= Rod Daniels =

Rod Daniels is an American television news broadcaster. He was the former evening television news anchor at WBAL-TV, Channel 11, the longtime Hearst Communications-owned station and NBC-TV affiliate in Baltimore, Maryland. He retired in 2015 after more than 30 years of service at the same station.

Daniels graduated from William Paterson University in Wayne, New Jersey (part of the New Jersey state system of higher education) in 1975 with a Bachelor of Arts degree in speech communications; he later received a President's Medal award from his alma mater in 2004.

Daniels began his career as a weekend sports anchor at WIS-TV in Columbia, South Carolina. He then moved to WTAE-TV in Pittsburgh, Pennsylvania as a weekend anchor and reporter, and later to WISN-TV in Milwaukee.

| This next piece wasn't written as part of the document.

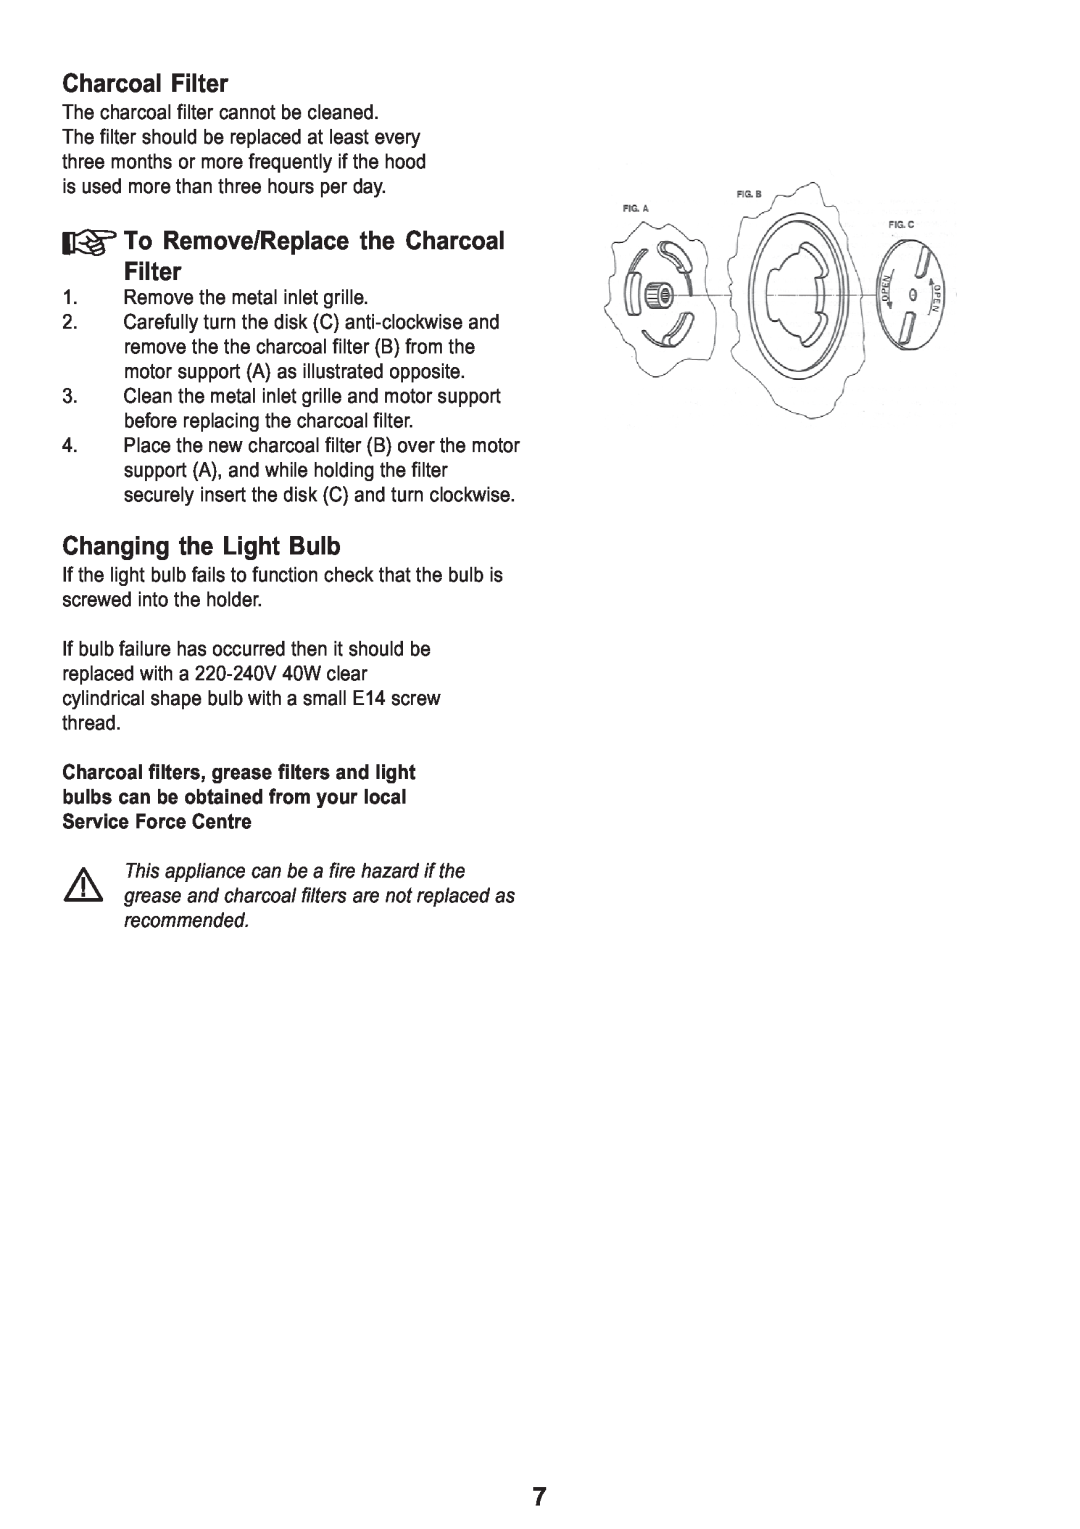 Electrolux MCH 660 manual To Remove/Replace the Charcoal Filter, Changing the Light Bulb 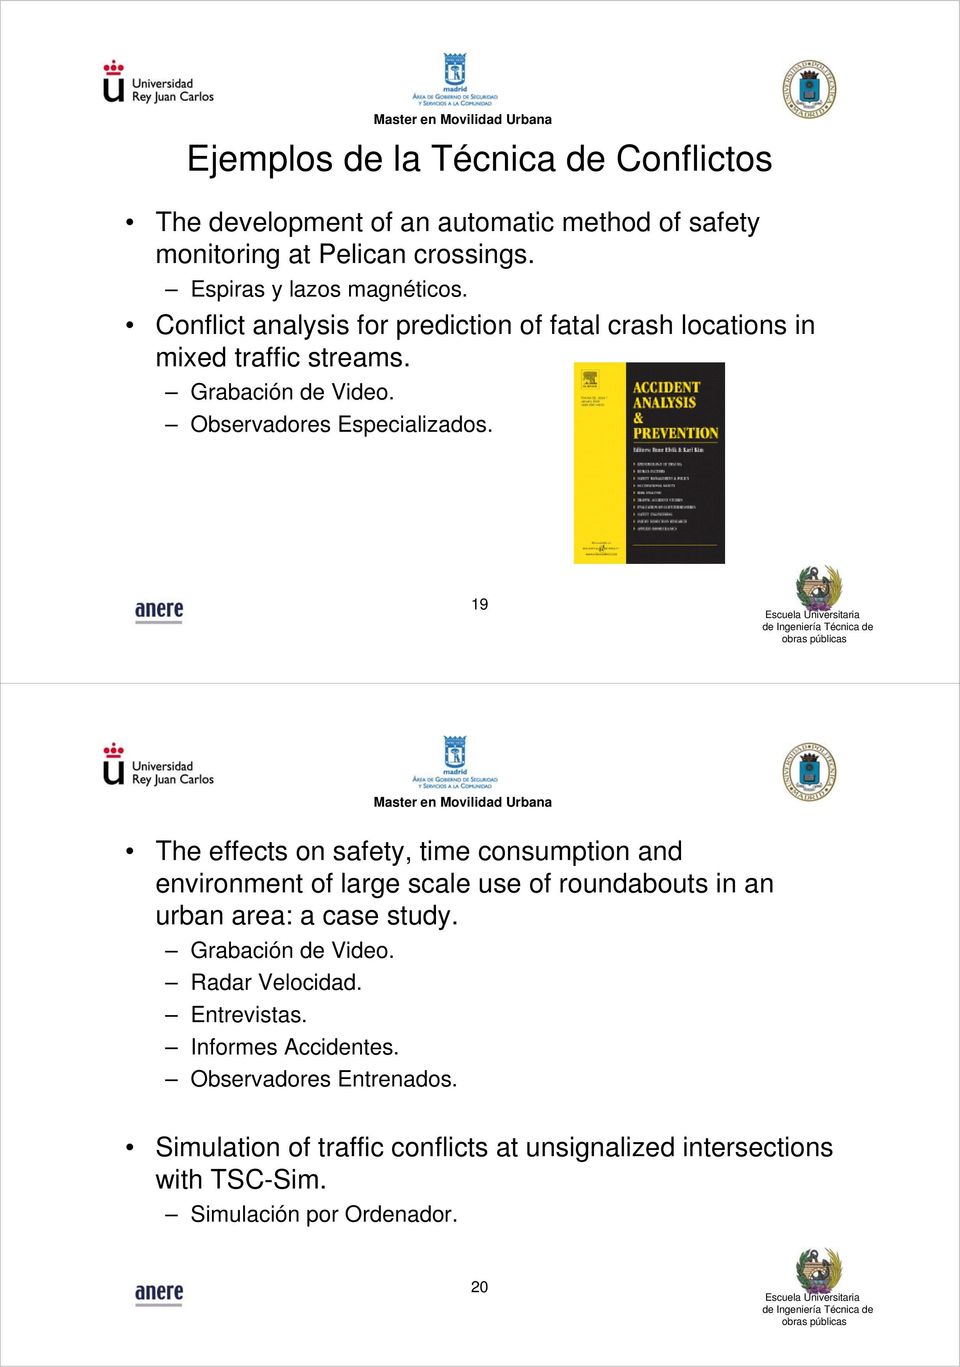 9 9 The effects on safety, time consumption and environment of large scale use of roundabouts in an urban area: a case study. Grabación de Video.

He worked at WBAL-TV (Channel 11) in Baltimore, Maryland from 1984 to 2015.

He received the Catholic Archdiocese Medal of Honor for Communications for his coverage of church activities in the Roman Catholic Church.

During Pope John Paul II's visit to Baltimore in 1995, Daniels was chosen by the hosting Roman Catholic Archdiocese of Baltimore to serve as announcer / host of the celebration Mass at the downtown baseball stadium of Oriole Park at Camden Yards (part of the Camden Yards Sports Complex).